Norwegian reaction ranged from relief to disgust following confessed terrorist Anders Behring Breivik’s latest day in court. His appearance at a custody hearing, before an audience this time, seemed to confirm what his defense attorney has long called Breivik’s “altered sense of reality.”
The 32-year-old Norwegian who has admitted to bombing Norway’s government headquarters and carrying out a massacre on the island of Utøya offered a glimpse on Monday of how he’s living in a world of his own. “He has a completely different understanding of reality,” repeated Breivik’s defense lawyer, Geir Lippestad, who earlier claimed his client was “insane” but since has regretted that remark. “It’s his impression that both executions and torture are common things to use.”
Norwegian media outlets were full of reports on Tuesday about Breivik’s appearance at another custody hearing Monday that was the first one to be open to the public. In the courtroom were many survivors of his attacks and some said later that it was a relief to actually see him in Norway’s strongest form of police custody. Some said it helped them feel safer: One young survivor of the massacre on Utøya had noted that the last time he saw Breivik, he was marching around the island in his imitation police uniform, shooting people. Now the survivor has another mental image of Breivik, in civilian dress and at the mercy of the court.

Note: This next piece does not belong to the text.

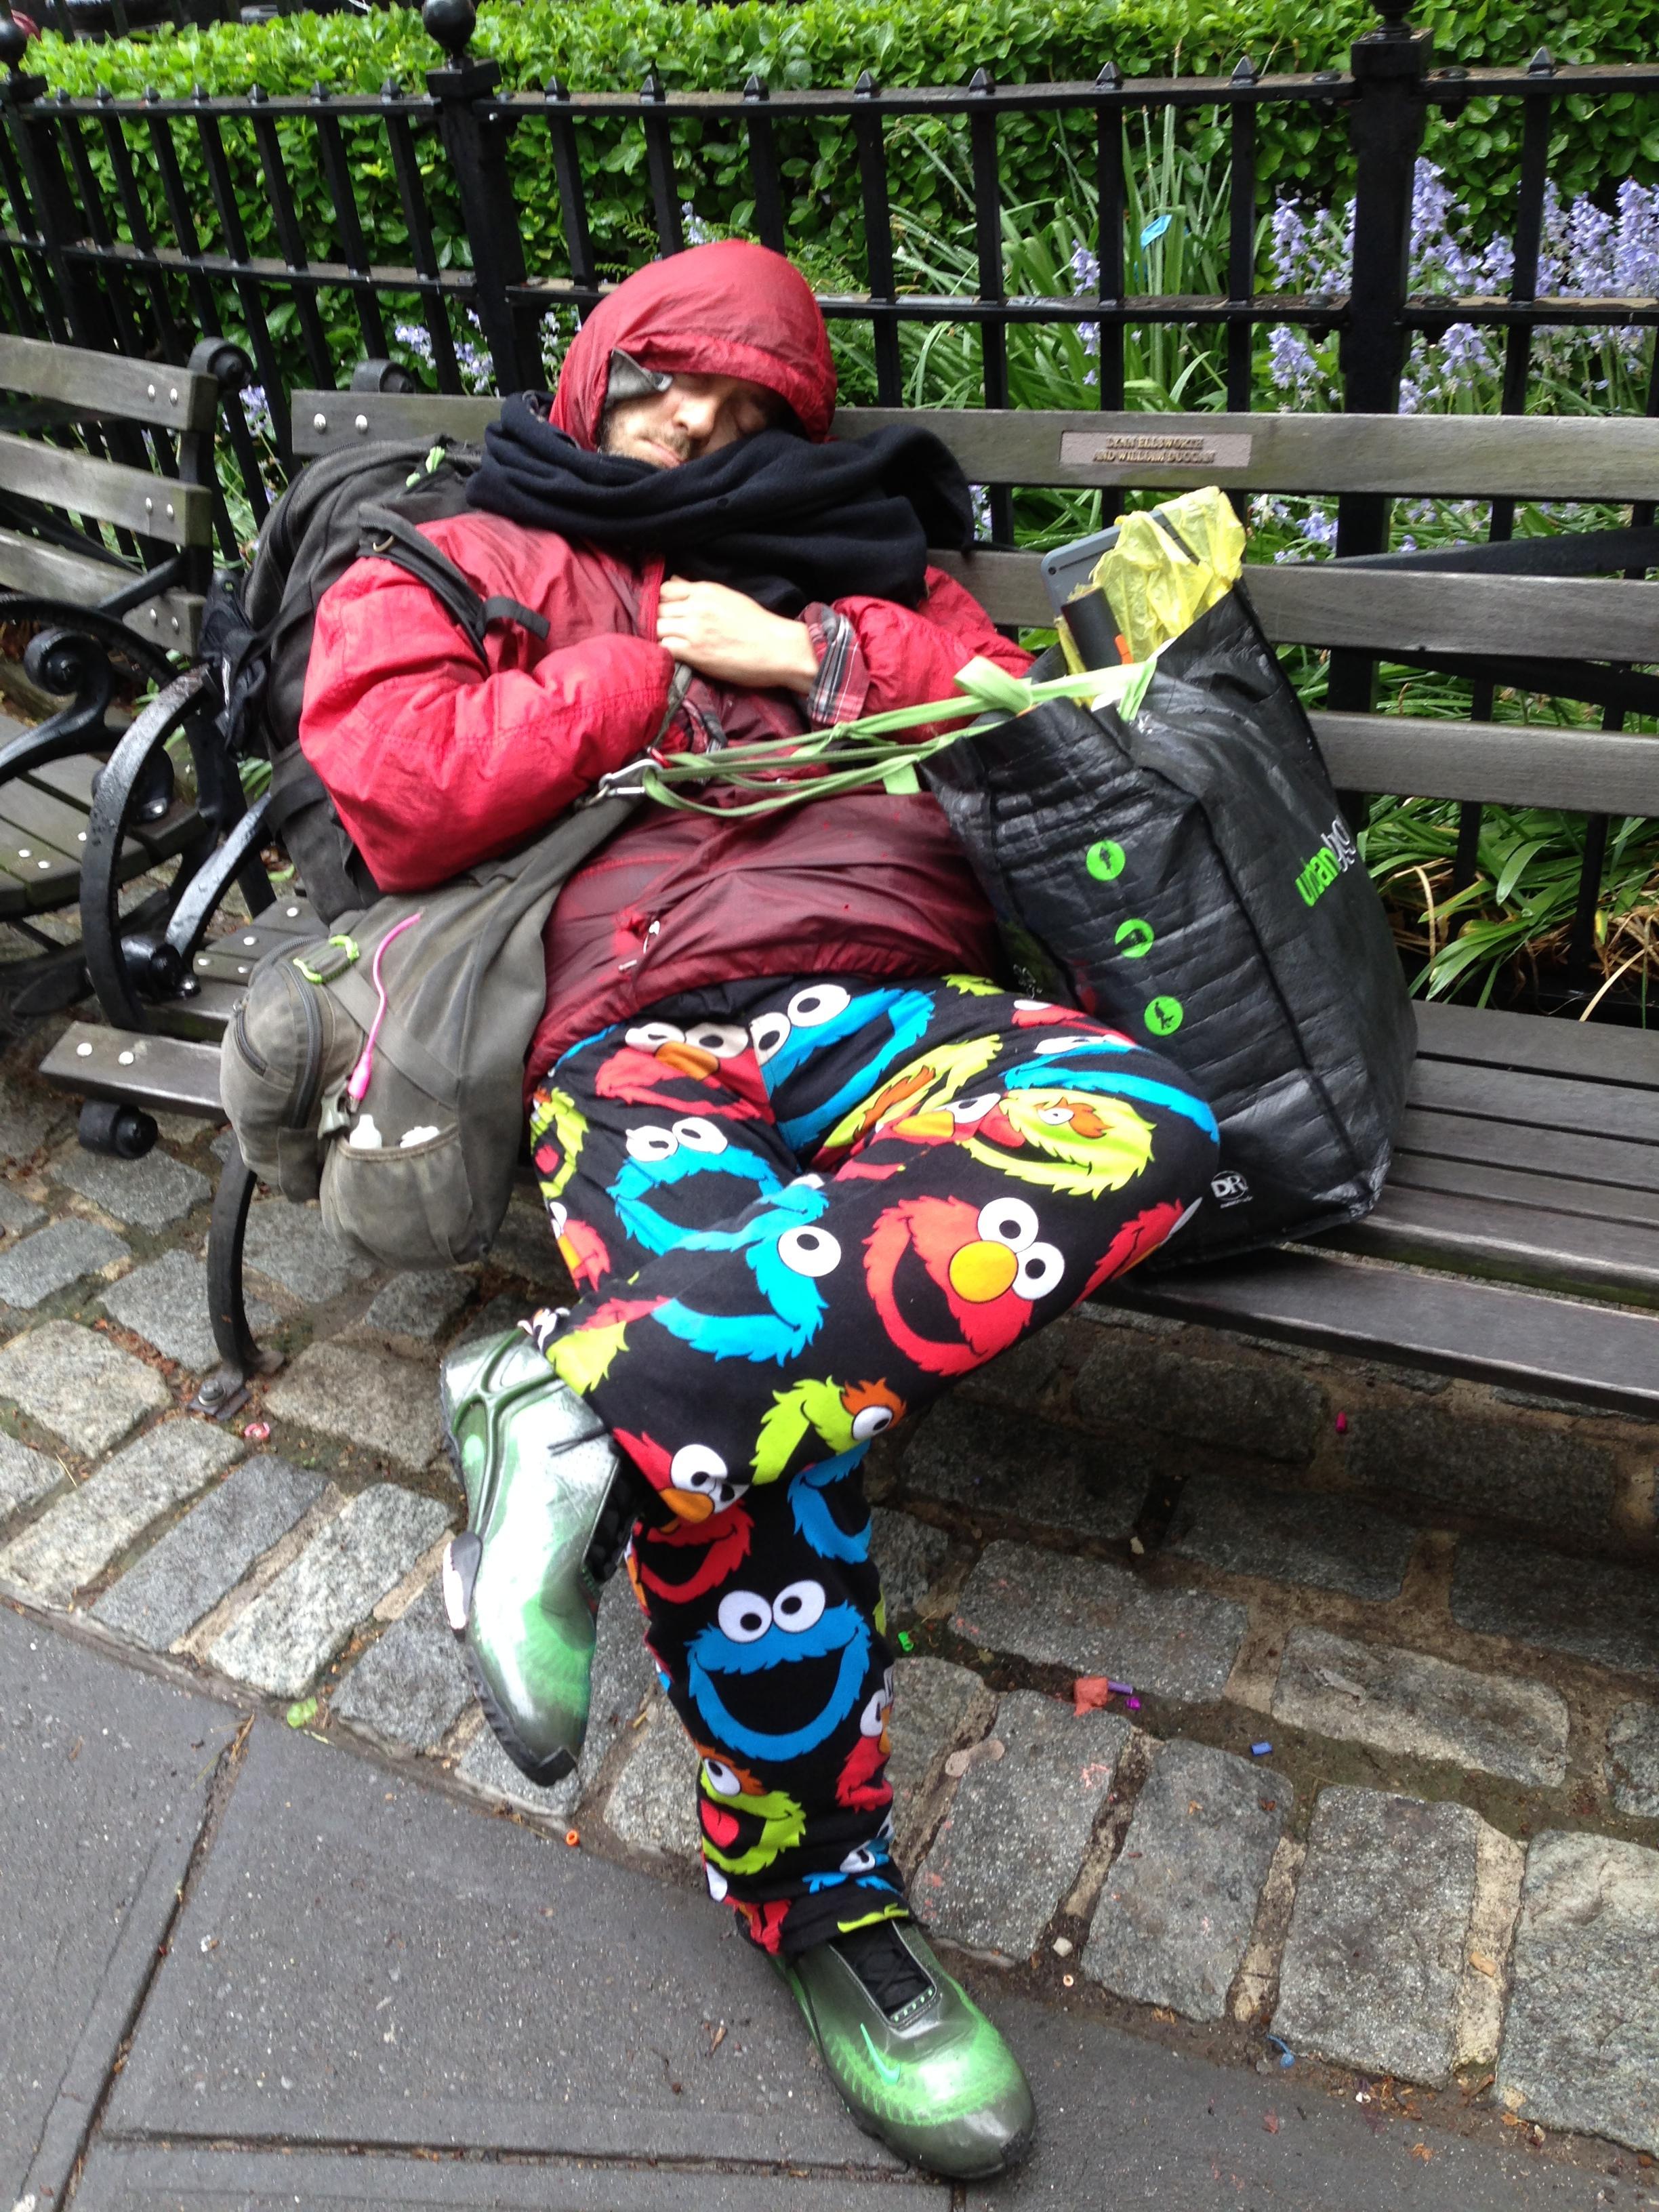 Funky sleeper, Duane Park, Tribeca

Sondre Lindhagen Nilssen, another teenaged survivor from the coastal town of Kragerø, also said it helped to see Breivik. “He wasn’t as frightening,” Nilssen told Aftenposten.no. “I just saw a totally confused person who doesn’t have the faintest contact with reality.”
Commentators used adjectives like “calm, controlled,” even “confident” to describe Breivik, though, noting how his well-groomed imaged defied the bizarre statements that came out of his mouth. Newspaper Aftenposten published this version of his first statements in court:
“When two parties meet, it’s normal that both are allowed to present themselves,” Breivik began, speaking in a low monotone. “I have, until now, not had permission to do so. I will do so now. I am a military commander in the Norwegian resistance movement. And a Knight Chief Justice in the Knights Templar Norway and Knights Templar Europe.”
He then questioned the competence of Judge Torkjel Nesheim “because (the judge) has a mandate from organizations that support multi-culturalism in Norway. Multi-culturalism is an anti-Norwegian hate ideology designed to destruct the Norwegian ethnic group.” He got as far as adding that “destructing the Norwegian ethnic group is the same as ethnic cleansing…” before the judge cut him off, saying the court only wanted to hear from Breivik about his impressions of prison life.
Breivik later said he had no problems with the conditions of his custody, but said he “doesn’t accept” his imprisonment because he’s a “military commander.” He recommended Norwegian police look to Saudi Arabia for other “methods of torture.” The judge cut him off several times, refusing to allow Breivik to use the hearing as a “soapbox” to spread his beliefs. As reported earlier, his request to directly address survivors and victims’ families was denied.
Breivik was wearing a dark suit, shirt and tie, over what likely was a bullet-proof vest since now he’s the one fearing for his safety. Police clearly didn’t want to take any chances with an assassination attempt, given the high security around his transport and all the armed guards around him.
‘Dignified and orderly’
One of the many lawyers representing survivors and victims’ families, Siv Hallgren, told news bureau NTB that all her clients who attended the hearing felt it was the right thing to do. “It was okay to see the assailant and it was all very dignified and orderly,” Hallgren told NTB, adding that the hearing didn’t turn into the media circus many feared.
The head of the survivors’ support group didn’t agree, and most of the group’s members stayed away out of sheer disgust. One survivor, 20-year-old Bjørn Ihler, who was wounded by Breivik, however, had traveled over from college in Liverpool to attend the hearing. Ihler even wants to have a debate with Breivik, and doesn’t want to call him “a monster” as others have.
“Calling him a monster dehumanizes him and excuses, in a way, what he has done,” Ihler told Afternposten. “I look forward, actually, to meet a real person … and hear him say what he’s written. I want to meet him in an open debate as soon as possible.”